◆ Source records
╭──

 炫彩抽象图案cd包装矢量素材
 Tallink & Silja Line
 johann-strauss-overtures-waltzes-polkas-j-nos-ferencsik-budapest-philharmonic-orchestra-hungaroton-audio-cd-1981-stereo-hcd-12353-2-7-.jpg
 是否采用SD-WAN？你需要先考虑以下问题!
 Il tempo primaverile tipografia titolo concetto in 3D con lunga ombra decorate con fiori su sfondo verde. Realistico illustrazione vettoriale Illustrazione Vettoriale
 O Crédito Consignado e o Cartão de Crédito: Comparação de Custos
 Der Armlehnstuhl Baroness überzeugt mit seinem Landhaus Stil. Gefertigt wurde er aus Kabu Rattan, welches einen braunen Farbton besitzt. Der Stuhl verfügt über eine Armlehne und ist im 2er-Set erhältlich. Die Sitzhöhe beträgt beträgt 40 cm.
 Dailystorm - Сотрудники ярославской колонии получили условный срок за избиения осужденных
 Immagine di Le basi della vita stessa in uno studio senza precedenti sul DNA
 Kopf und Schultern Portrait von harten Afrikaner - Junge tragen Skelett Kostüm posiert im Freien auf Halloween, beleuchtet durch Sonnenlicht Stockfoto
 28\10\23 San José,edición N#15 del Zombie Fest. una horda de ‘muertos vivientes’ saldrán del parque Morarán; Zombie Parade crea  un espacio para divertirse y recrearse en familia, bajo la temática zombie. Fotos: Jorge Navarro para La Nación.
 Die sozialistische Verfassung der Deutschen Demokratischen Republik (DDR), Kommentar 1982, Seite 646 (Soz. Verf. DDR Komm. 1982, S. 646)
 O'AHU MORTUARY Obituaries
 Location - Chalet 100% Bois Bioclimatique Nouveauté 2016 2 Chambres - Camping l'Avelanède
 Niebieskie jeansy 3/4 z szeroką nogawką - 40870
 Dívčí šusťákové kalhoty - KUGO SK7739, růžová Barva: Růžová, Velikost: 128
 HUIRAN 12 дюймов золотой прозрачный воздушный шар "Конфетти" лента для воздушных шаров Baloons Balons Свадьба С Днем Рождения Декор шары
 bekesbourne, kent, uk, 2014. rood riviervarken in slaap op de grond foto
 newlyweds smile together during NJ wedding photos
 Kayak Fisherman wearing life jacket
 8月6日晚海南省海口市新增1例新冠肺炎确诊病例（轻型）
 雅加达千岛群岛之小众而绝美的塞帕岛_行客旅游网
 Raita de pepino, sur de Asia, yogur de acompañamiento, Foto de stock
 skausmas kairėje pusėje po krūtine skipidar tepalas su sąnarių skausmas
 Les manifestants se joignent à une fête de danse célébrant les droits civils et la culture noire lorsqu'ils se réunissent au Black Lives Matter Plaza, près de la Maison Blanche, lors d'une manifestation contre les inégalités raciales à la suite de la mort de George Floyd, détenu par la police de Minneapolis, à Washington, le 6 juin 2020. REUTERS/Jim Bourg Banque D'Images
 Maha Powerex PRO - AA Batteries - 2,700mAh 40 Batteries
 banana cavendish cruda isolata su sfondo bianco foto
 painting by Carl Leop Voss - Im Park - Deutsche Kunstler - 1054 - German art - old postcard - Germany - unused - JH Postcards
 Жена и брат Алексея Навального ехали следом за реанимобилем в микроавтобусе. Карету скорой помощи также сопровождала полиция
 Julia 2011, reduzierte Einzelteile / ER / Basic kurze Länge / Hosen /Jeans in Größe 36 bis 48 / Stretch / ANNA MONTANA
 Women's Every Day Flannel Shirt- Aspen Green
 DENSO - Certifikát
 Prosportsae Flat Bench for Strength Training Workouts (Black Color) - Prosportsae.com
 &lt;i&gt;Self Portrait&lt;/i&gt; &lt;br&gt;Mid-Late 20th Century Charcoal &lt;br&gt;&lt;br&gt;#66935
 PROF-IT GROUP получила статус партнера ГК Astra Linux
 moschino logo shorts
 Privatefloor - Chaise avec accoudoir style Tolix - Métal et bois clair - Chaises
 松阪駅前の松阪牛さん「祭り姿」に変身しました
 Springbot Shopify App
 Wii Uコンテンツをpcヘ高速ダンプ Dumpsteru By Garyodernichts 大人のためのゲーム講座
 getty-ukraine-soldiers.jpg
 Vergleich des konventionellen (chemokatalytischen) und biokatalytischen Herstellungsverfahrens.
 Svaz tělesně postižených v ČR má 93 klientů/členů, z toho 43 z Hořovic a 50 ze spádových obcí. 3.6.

╰──

◆ Directions
Note down each line above where the word "Portrait" occurs.

◆ Finished exercise
 Kopf und Schultern Portrait von harten Afrikaner - Junge tragen Skelett Kostüm posiert im Freien auf Halloween, beleuchtet durch Sonnenlicht Stockfoto
 &lt;i&gt;Self Portrait&lt;/i&gt; &lt;br&gt;Mid-Late 20th Century Charcoal &lt;br&gt;&lt;br&gt;#66935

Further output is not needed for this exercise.